Transcribe the data exactly. Pictures stay out.

(SOURCE DATA begins)

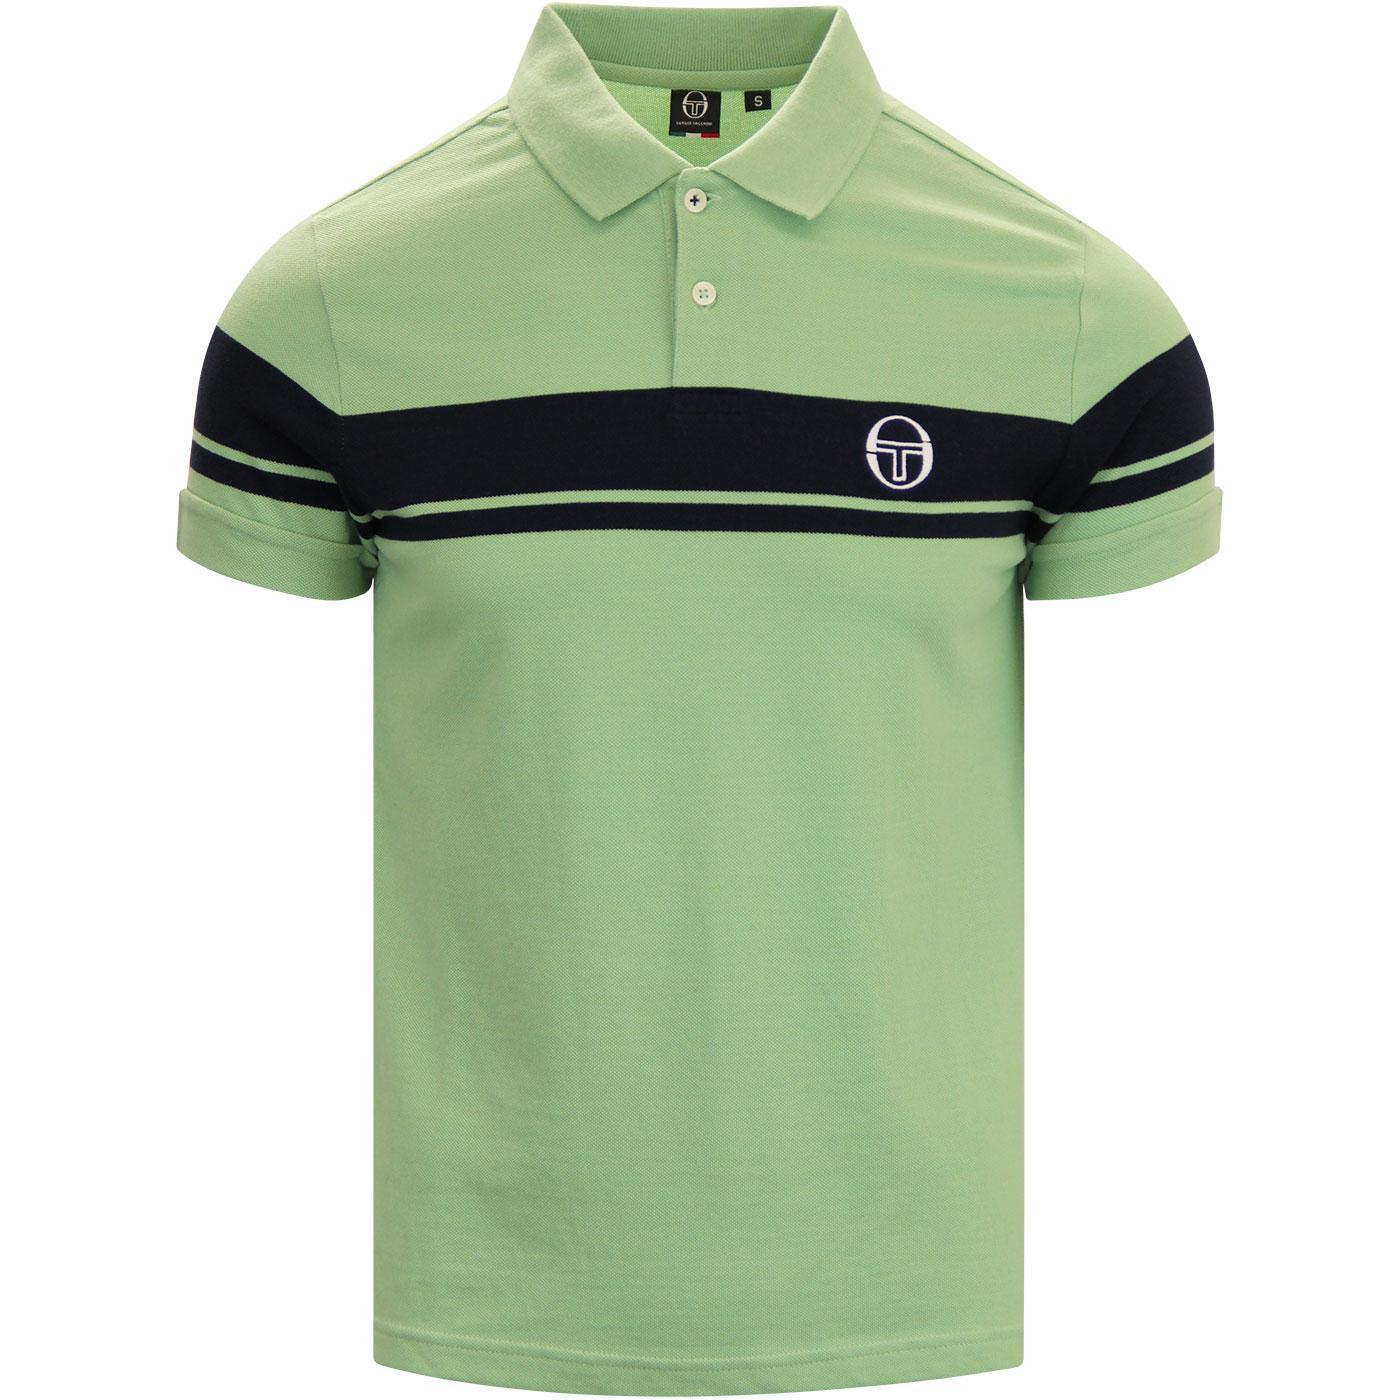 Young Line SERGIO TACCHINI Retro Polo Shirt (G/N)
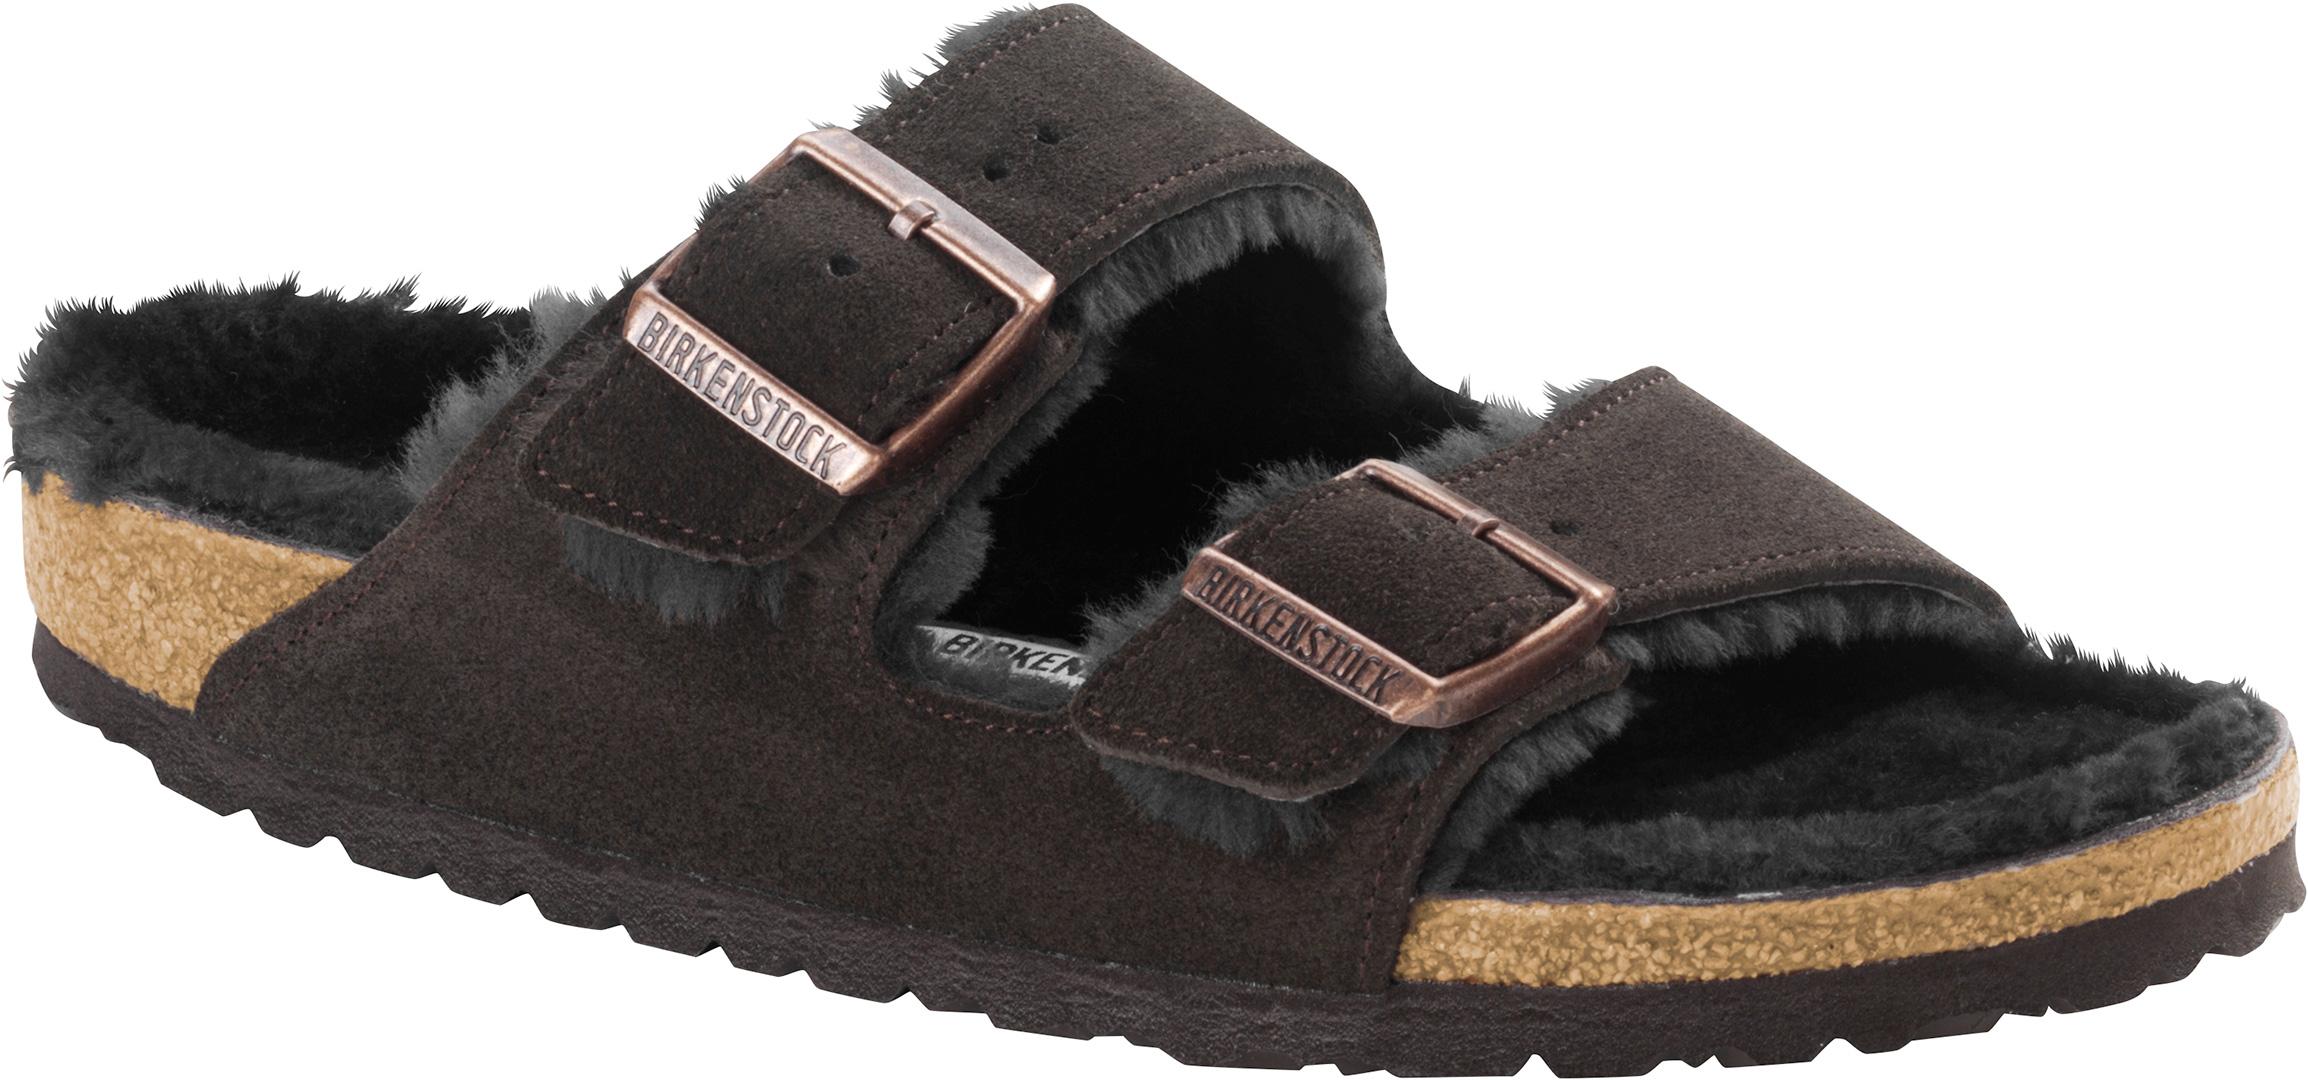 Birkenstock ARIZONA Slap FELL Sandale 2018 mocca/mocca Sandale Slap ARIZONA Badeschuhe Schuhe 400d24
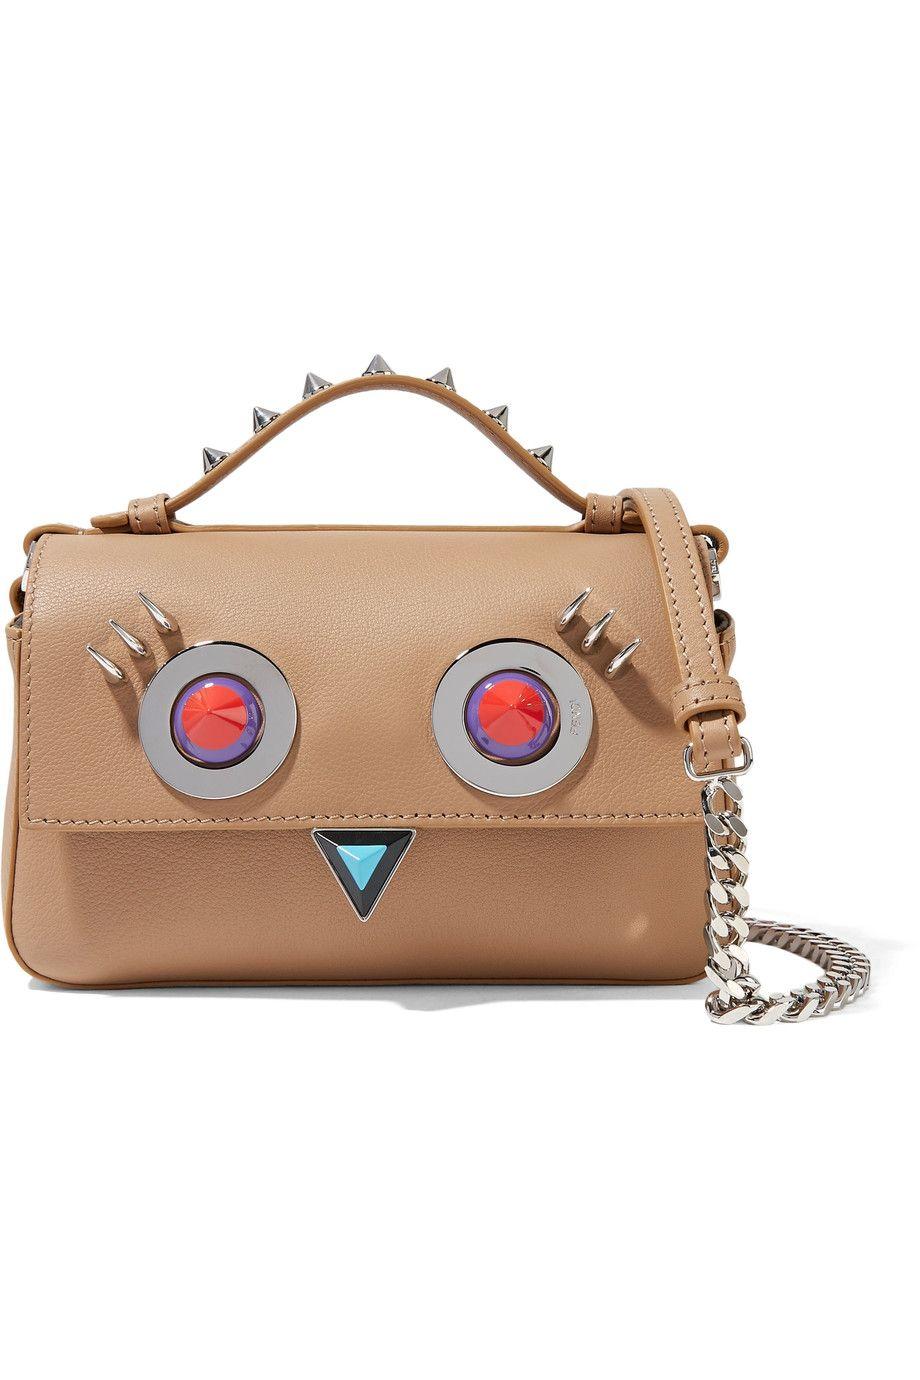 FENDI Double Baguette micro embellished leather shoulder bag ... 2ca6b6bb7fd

(SOURCE DATA ends)

YOUR RESPONSE:
 Young Line SERGIO TACCHINI Retro Polo Shirt (G/N)
 Birkenstock ARIZONA Slap FELL Sandale 2018 mocca/mocca Sandale Slap ARIZONA Badeschuhe Schuhe 400d24
 FENDI Double Baguette micro embellished leather shoulder bag ... 2ca6b6bb7fd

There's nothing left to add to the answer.